Leadership Under Pressure By Connie Glover and Erika James

While leadership as a quality can manifest itself in many ways, it’s perhaps most apparent when things become difficult, the pressure increases, and the leader and his or her staff is up against it. How a leader behaves then often serves as a true waterline of his or her effectiveness.

As scholars of crises, crisis management, and leadership, Erika Hayes James and Lynn Wooten, in their book Leading Under Pressure, observe some points about crises (current as well as those from times past), and the rippling effect they can have. Through an intricate weaving of theoretical, empirical, and practical ideas associated with the concepts of crisis and leadership, they present a comprehensive perspective that can guide the business academic community toward continued study in crisis leadership, challenge students to prepare themselves for a new leadership form, and provide a road map for practitioners and executives to traverse as they continue to navigate the ever-increasing challenges of leading today’s organizations.

First, crises are inevitable. Some may be avoided and some may be managed well enough to limit long-term damage, but at the end of the day, every organization and even every nation will experience at least one crisis. For example, throughout the late 1990s and well into the 2000s, several American businesses were characterized largely by crisis and scandal. Among the most notorious were the financial and ethical mismanagement of Enron Corp. and WorldCom. And financial scandals aren’t the only disruptions that have, at one time or another, rocked corporate America. In fact, throughout history, leaders of firms and their various stakeholders have had to deal with a host of challenges ranging from the mundane to the severe. However ordinary or commonplace these challenges may seem, they are nonetheless problematic, and, if left unattended or if they become subject to public scrutiny, they can escalate into a crisis situation with the potential to harm, sometimes irreparably.

Second, it is often the handling of a crisis that can lead to more damage than the crisis itself.

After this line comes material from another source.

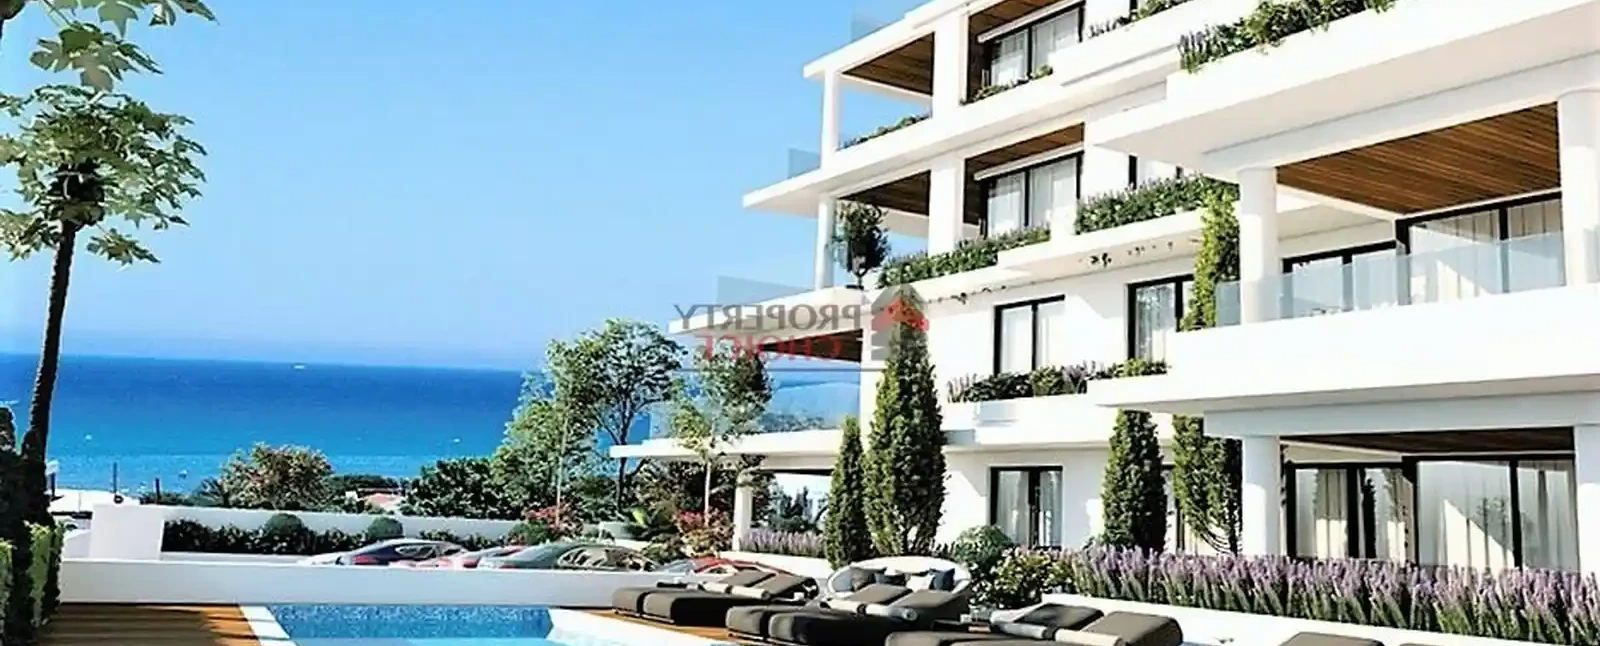 2-bedroom apartment fоr sаle €540.000, image 1

Crisis leadership entails a complex set of competencies that leaders must adopt if they are to steer an organization through the various crisis phases and into a successful recovery. When these competencies exist within a firm’s leadership, the likelihood of a firm becoming resilient after a crisis is greatly enhanced. A leader’s ability to build a successful crisis-management team is also important; some of the advantages include an ability to generate more information, stimulate creativity, and expedite decision-making.

Third, effective crisis handling involves much more than good public relations.  Although this certainly helps, rhetoric and positive spin alone will not solve even one of the crises described in the book, much less the lot of them. Leaders must establish a norm of open and honest communication, and be appropriately candid about all aspects of the business, in good times as well as bad.  Doing so can go a long way toward building a culture of trust. Moreover, information flow to various stakeholders will occur more easily when there is a norm or expectation of communication and an infrastructure that supports communication efforts across organizational levels, departments, and other boundaries. For example, developing capabilities for managing a crisis in a global context requires a mindset and integrated support system that can quickly bring together and mobilize stakeholders from different parts of the world to resolve the crisis.

Fourth, learning from crisis is the best hope for preventing repeat occurrences. James and Wooten use discrimination lawsuits as a specific type of crisis on which to build an argument with respect to learning, primarily because of the continuing significance of diversity in organizational theory and the practical implications of diversity for managers and the organizations they lead. Learning from crises provides an excellent opportunity to challenge the organizational routines that may stand in the way of excellence. Further, firms that can engage in learning can develop an organizational memory that helps to prevent future problems.

Finally, crisis events can create a potential for significant opportunity to be realized for individuals, organizations, and countries. There are numerous examples of people and organizations that have adopted a more optimistic frame of mind in response to threat. Consequently, what these individuals and organizations do in response to crisis is worth examining. It is possible that the ideas set forth in the book will combine interactively, and not simply additively, so that each of the events in the chain may need to occur for leaders to perceive crisis as opportunity.